Investigações sobre atos golpistas e redes sociais

Outro ponto abordado na entrevista foram as investigações conduzidas pelo STF em relação aos atos golpistas ocorridos após as eleições de 2022 e à suposta tentativa de golpe de Estado. Segundo Barroso, essas investigações estão próximas de serem concluídas. “Quase tudo o que precisava ser apurado já foi. Cabe ao procurador-geral [Paulo Gonet] apresentar a denúncia”, afirmou o ministro, sinalizando que os processos devem avançar em breve.

A discussão também incluiu a polêmica em torno da derrubada de conteúdos e perfis em redes sociais. Barroso esclareceu que a legislação brasileira é diferente da norte-americana no que diz respeito à liberdade de expressão. Ele argumentou que o Brasil não tolera discursos que incitam a violência, e que o STF tem atuado para garantir que conteúdos nocivos sejam removidos das plataformas. “A Constituição brasileira é muito diferente da americana, especialmente em relação à primeira emenda. Nós não aceitamos discursos de ódio ou que incitem violência”, pontuou.

Sobre o caso do bloqueio do X (antigo Twitter) no Brasil, Barroso foi enfático ao dizer que a decisão não teve motivação ideológica, mas sim legal. “A história do X é muito simples e não tem nada a ver com liberdade de expressão. Tem a ver com o Estado de Direito”, explicou.

Ele detalhou que a empresa cometeu um ato ilícito ao retirar seus representantes do Brasil, descumprindo a lei nacional que exige que empresas estrangeiras tenham uma representação oficial no país. “Portanto, o X não pôde atuar no Brasil até que regularizasse sua situação”, concluiu o ministro.

Defesa da democracia e do pluralismo político

Barroso também aproveitou a oportunidade para ressaltar a importância do pluralismo político e a legitimidade de diferentes perspectivas dentro de uma democracia saudável. “O conservadorismo é uma opção política legítima”, afirmou o presidente do STF, destacando que é essencial que existam pontos de vista variados no debate político.

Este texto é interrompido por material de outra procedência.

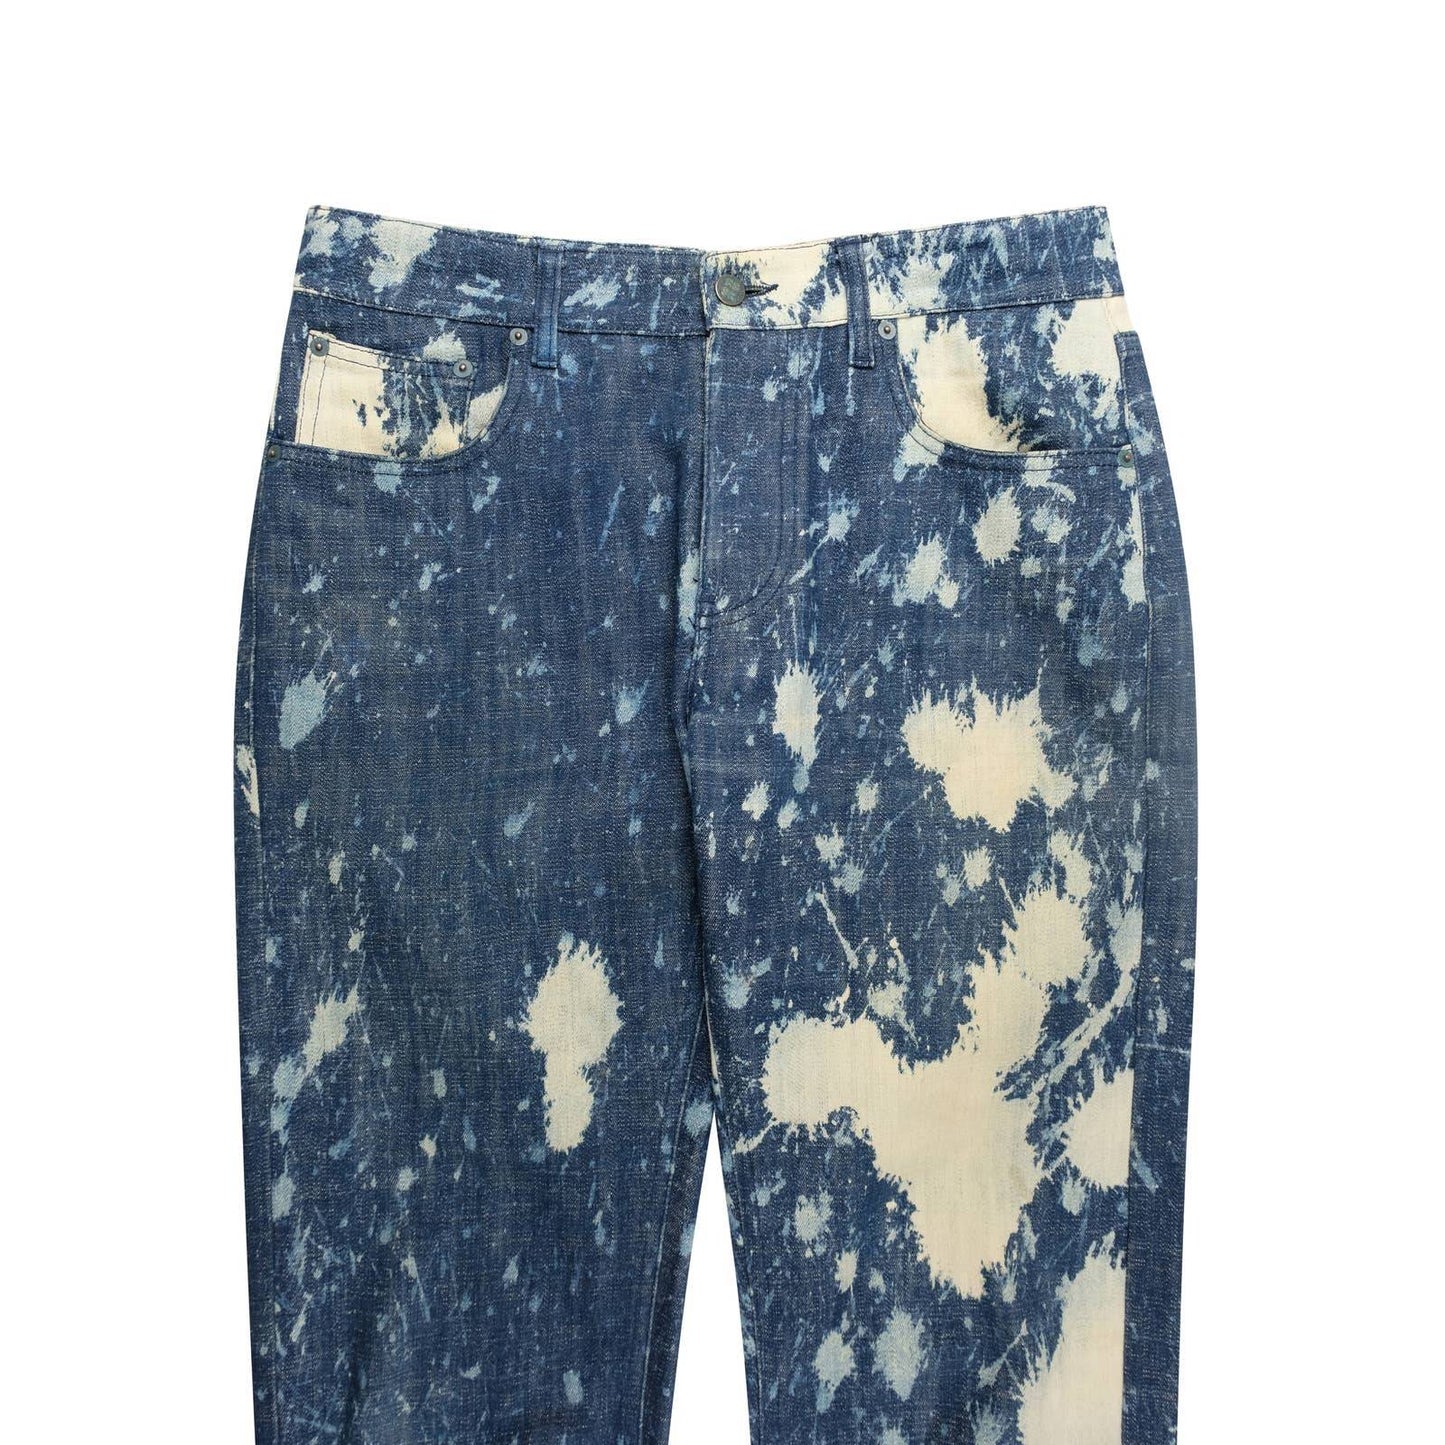 Texta Bleached Denim Jeans by Gorman Online | THE ICONIC | Australia

No entanto, ele foi categórico ao afirmar que o extremismo e a intolerância não devem ter espaço. “Intolerância, agressão verbal, discurso de ódio e violência física. Isso é o que considero inaceitável”, destacou.

Nesse sentido, o ministro reforçou que o papel do STF é garantir que a democracia proteja não apenas os direitos de quem pensa diferente, mas também os limites do que é considerado aceitável em uma sociedade democrática. A Suprema Corte, segundo Barroso, está empenhada em garantir a paz social e a coexistência de diferentes correntes ideológicas, desde que estas não incitem a violência ou ataquem as instituições democráticas.